The Ottoman army under the command of Yavuz Sultan Selim advanced towards Tabriz on 25 August 1514, after the Chaldiran victory.

Dukaginoğlu Ahmet Pasha, Defterdar Piri Çelebi and (chronicler) İdris-i Bitlisî were sent to Tabriz as a vanguard with a reserve unit. This vanguard unit took over the city and preparations were started to welcome it. The people of Tabriz covered the road with shawls and precious fabrics until Surhab outside Tabriz. The soldiers and the people lined up on the route applauded Yavuz Sultan Selim and the Ottoman army who entered the city on 6 September 1514.

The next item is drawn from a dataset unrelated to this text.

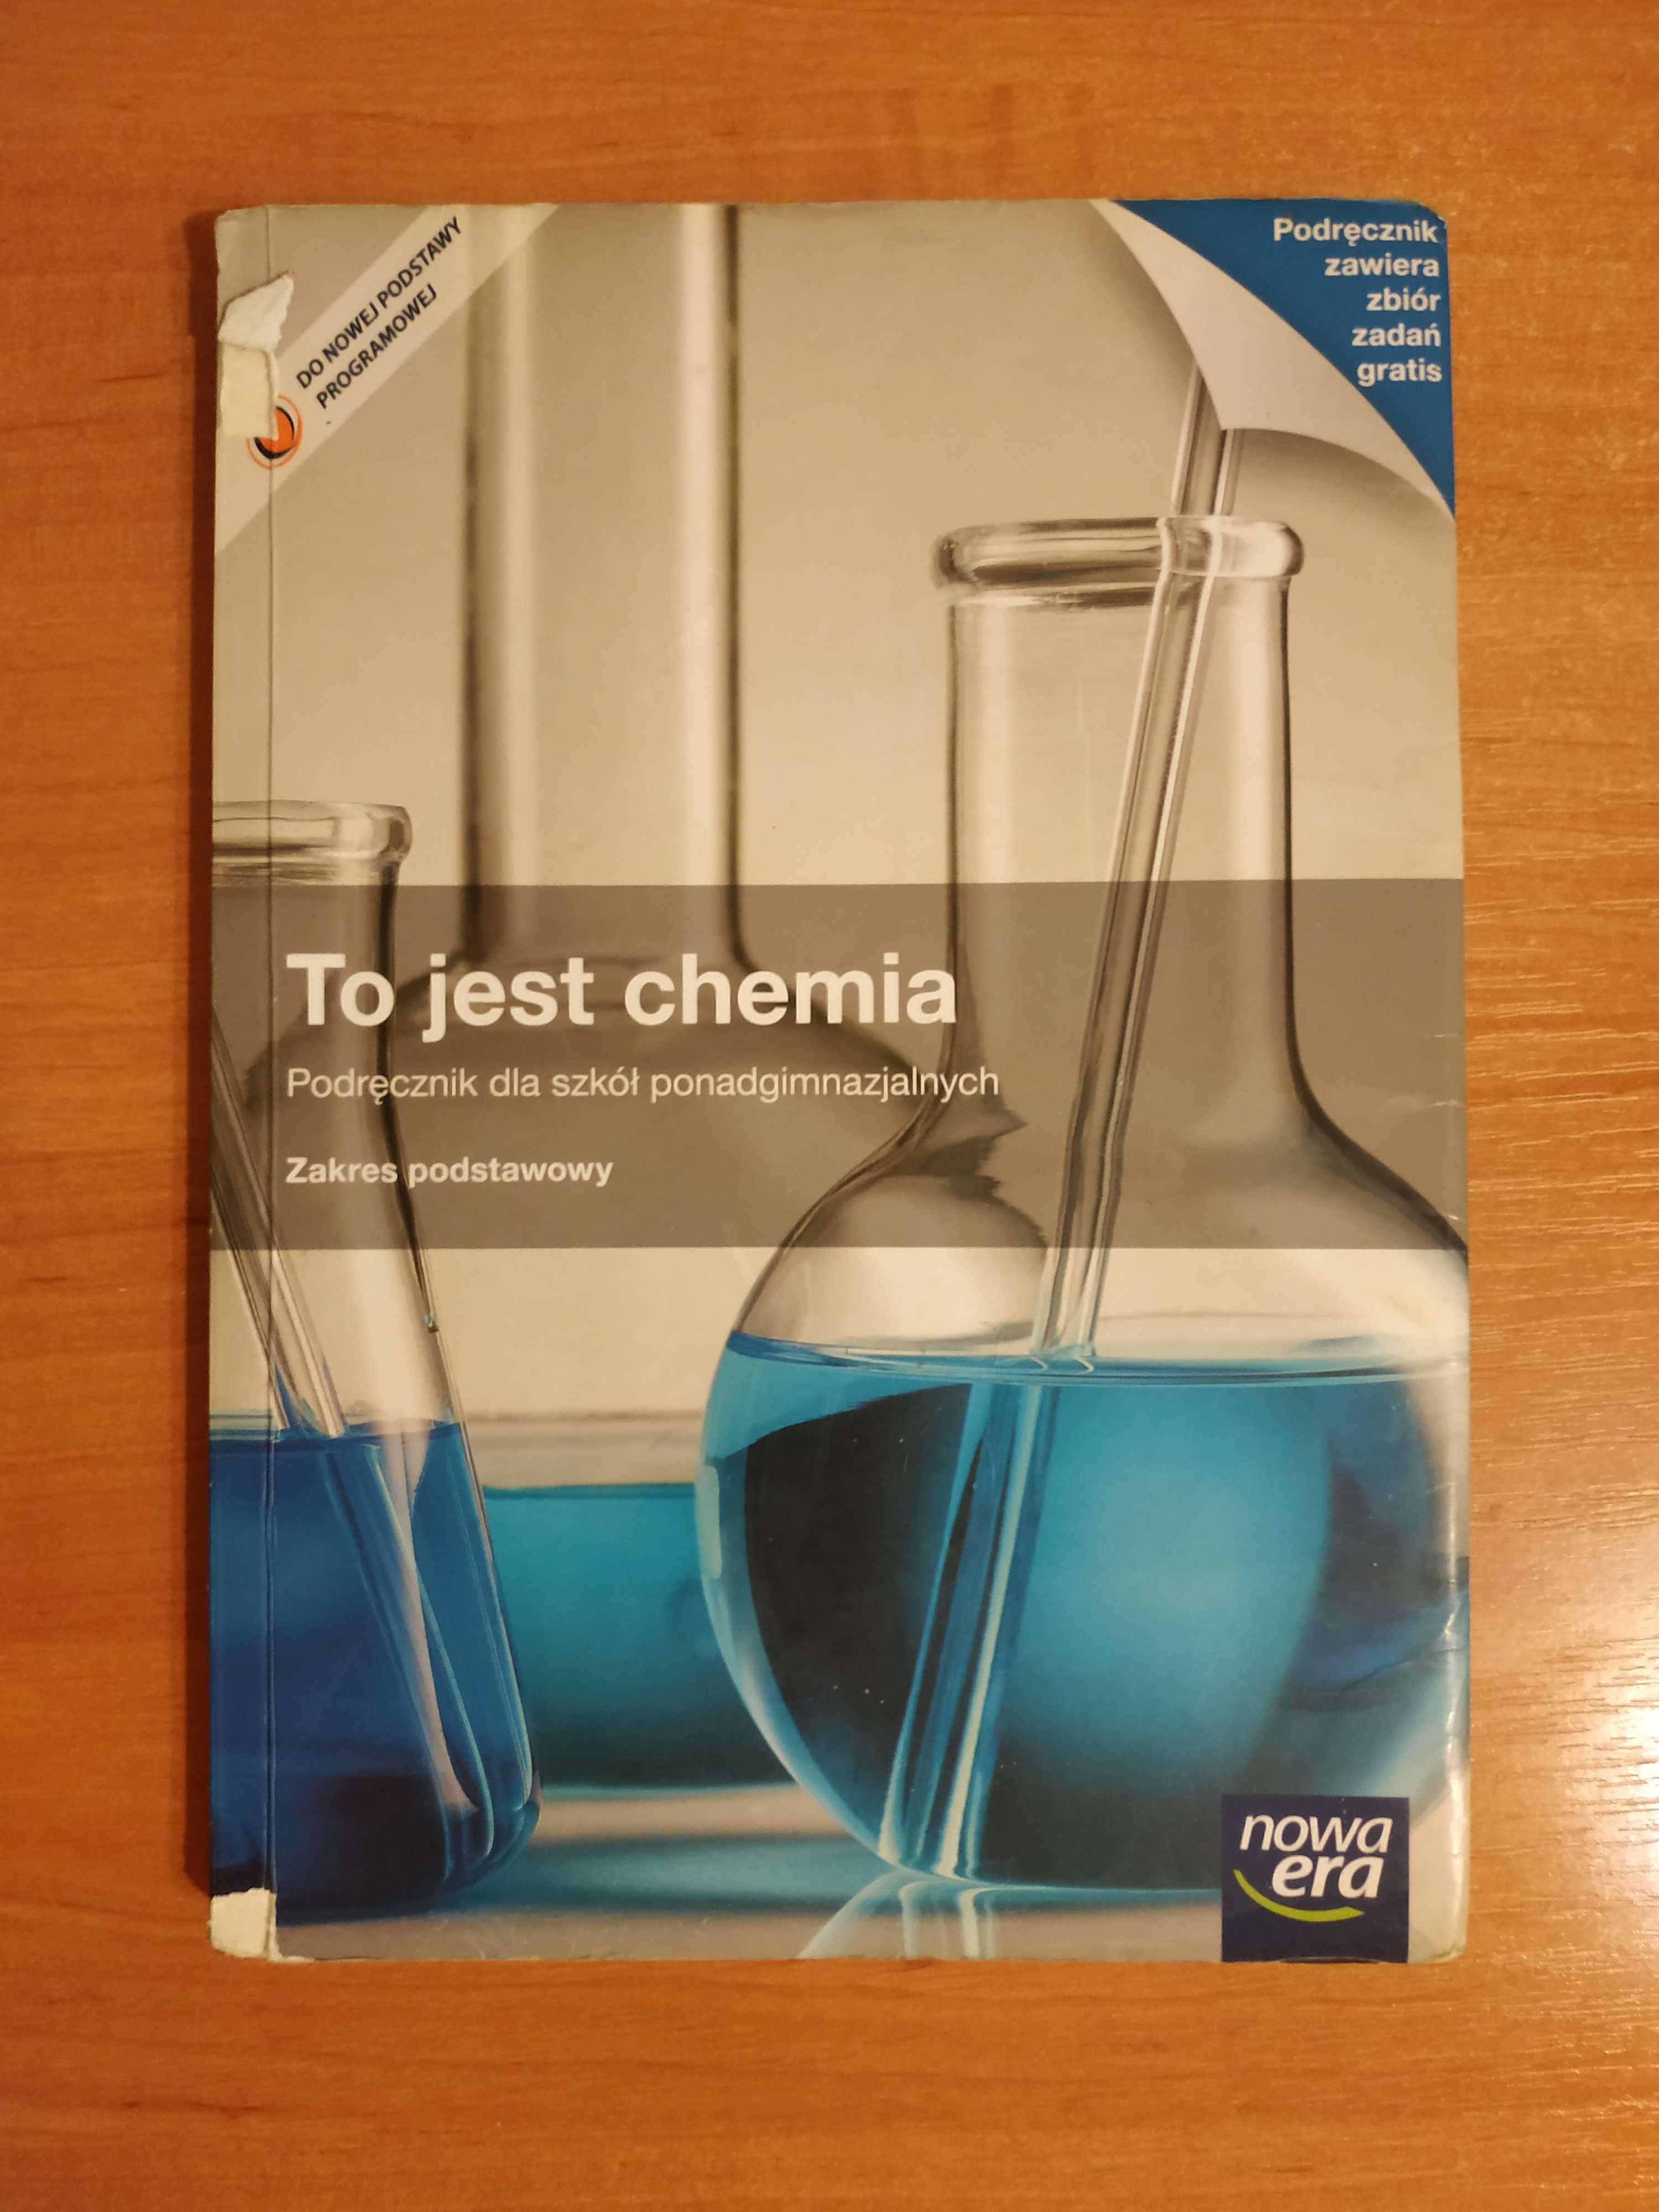 To jest chemia - podręcznik dla szkół ponadgimnazjalnych

On Friday 8 September 1514, the Friday greeting was performed at the Sultan Yakub Mosque (in some sources, at the Hasan Han Mosque) and a sermon was read in the name of Yavuz Sultan Selim. Selim also ordered the repair of mosques that had been ruined due to neglect.

On 12 September some 1000 scientists and artists began to be sent from Tabriz to Istanbul. On 15 September, the Ottoman army left Tabriz and advanced towards Karabakh. The Janissaries, who opposed the idea of Yavuz Sultan Selim staying in Tabriz, also rebelled against the idea of Selim wintering in Karabakh and then marching on Iran again during the following campaign season (sources record that the Janissaries shouted around the Sultan by attaching their torn shoes and clothes to the tips of their spears, and even fired bullets into the Sultan's tent).